Organizing for Action, the committee formerly known as Obama for America, released its first list of donors today, inconveniently organized alphabetically on 26 separate pages.

Sunlight has parsed the data and put this in table format for your convenience. Click here to see a Google spreadsheet of reported donors. The second tab gives you state-by-state totals for the committee's contributions. 

We have done this quickly to be helpful and we are reasonably confident that this data is correct. If you see any errors or problems, email us here.

The list includes some familiar names. Half of the two dozen donors who gave at least $10,000 to OFA were major Obama bundlers — collecting more than $500,000 each — for the president's reelection campaign last year. A list of the bundler donors is here. The $10,000+ club represented 27 percent of OFA's haul in the first quarter. 

Even so, OFA's executive director, Jon Carson, in an email to supporters, emphasized that the group was "grassroots-funded" and that the average contribution from its more-than 100,000 donors was $44 to fight the "special interests on the other side."

Three donors contributed over $100,000 to OFA.

The most generous: Philip Munger of New York, at $250,000. This is likely the son of Charles T. Munger, the billionaire who serves as the chief deputy to Warren Buffett as his investment firm Berkshire Hathaway. The younger Munger has contributed about $1.5 million to political candidates in the past, according to Influence Explorer, including nearly $1 million in the recent election cycle, most of which went to the Ohio Democratic Party.

The next biggest contributor, at $125,000, is Levi Strauss heir John Goldman.
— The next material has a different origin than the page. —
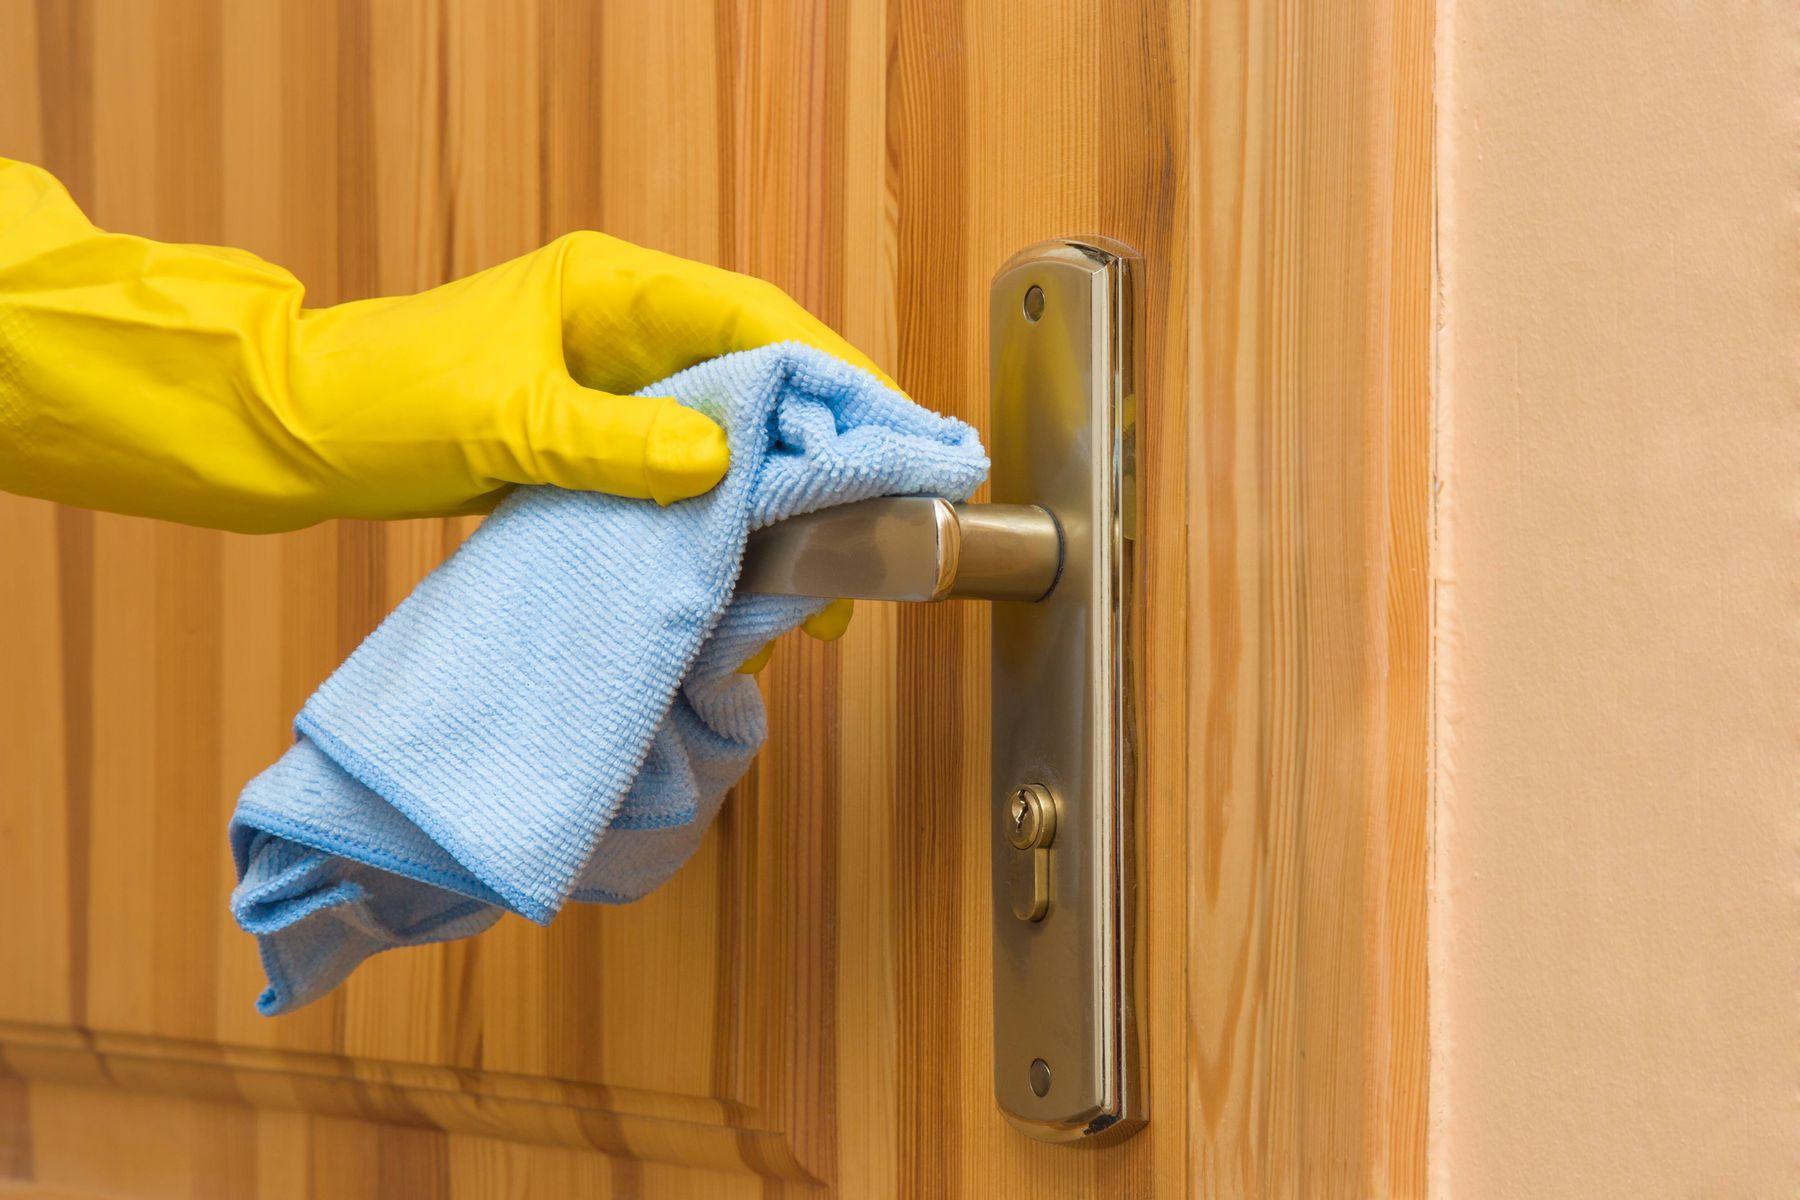 Yüzeyler ve Kapı Kolları Nasıl Dezenfekte Edilir?

Appointed to the president's Advisory Committee on the Arts, Goldman during the 2012 campaign cycle gave $100,000 to Priorities USA, a super PAC supporting Obama in the last election. It was also Goldman who held a fundraiser earlier this month at his home for the Democratic Natonal Committee. Obama attended the event. The San Francisco resident used to be the CEO of the insurance brokerage firm Richard N. Goldman Co., named for his late father.
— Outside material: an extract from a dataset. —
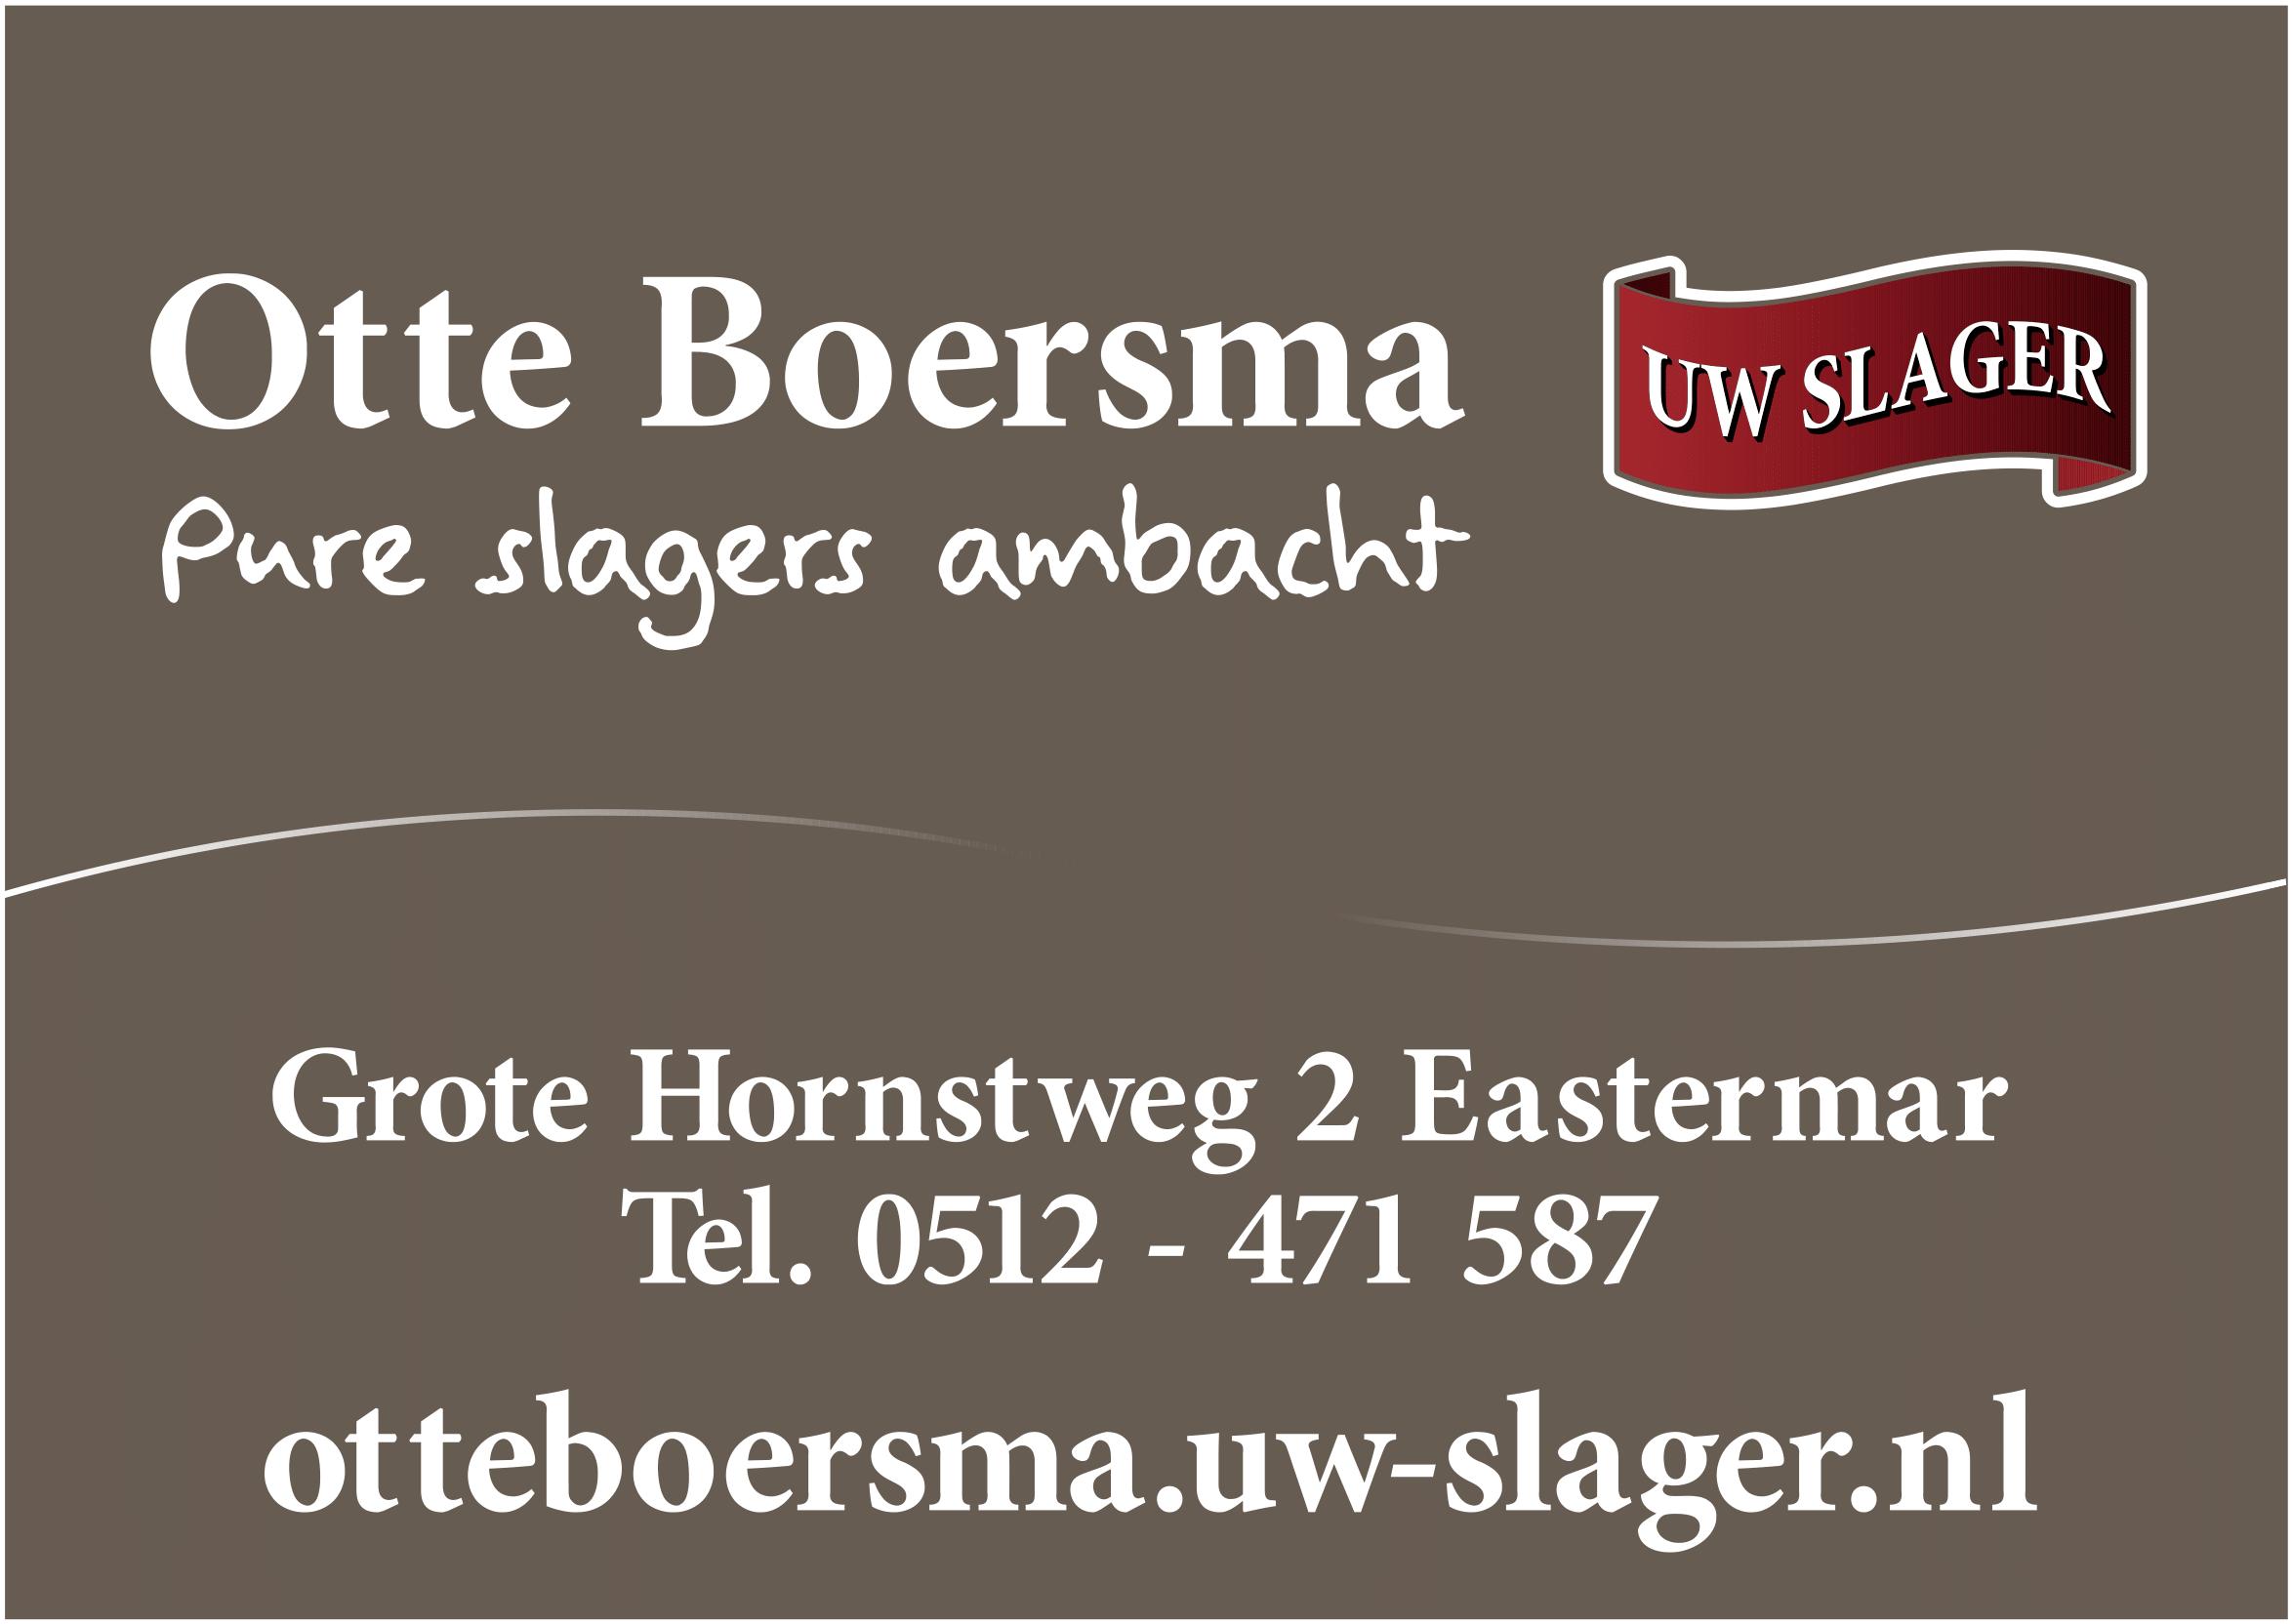 Otte Boersma

The other $125,000 donor, also from the Bay Area, is Nicola Miner, the daugher of Robert Miner, the late co-founder of the tech company Oracle. Miner works in real estate and contributed nearly $150,000 to Democratic candidates and pro-Democratic committees in the last election cycle.

From the Los Angeles area, private equity and venture capital executive Imaad Zuberi, who also serves on Organizing for Action's board of directors, chipped in $50,000. Zuberi was a national co-chair for Obama's National Finance Committee, a group of its wealthiest donors and bundlers. 
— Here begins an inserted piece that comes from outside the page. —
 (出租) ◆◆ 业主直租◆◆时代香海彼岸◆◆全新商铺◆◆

Another noteworthy high-dollar donor is New York hedge fund executive Orin Kramer, who reportedly attended the group's inaugural dinner with the president in March and was an leading money bundler for Obama during his first presidential run.

Donald Sussman, the hedge fund executive and husband of Democratic congresswoman Chellie Pingree of Maine, contributed $50,000. He gave about $2.5 million to candidates and committees for the 2012 elections, including more than $1.3 million to super PACs.

Other large donors are Frank White, who was a co-chair of the president's 2013 inauguration and a former member of  the National Advisory Committee on Minority Business Enterprises, Andrew Tobias, the treasurer of the Democratic National Committee, and Richard Harpootlian, the chair of the South Carolina Democratic Party, who contributed $10,000.

The lone organization among the high-dollar donors: the National Education Association, one of the nation's leading teachers' unions. It contributed $15,466.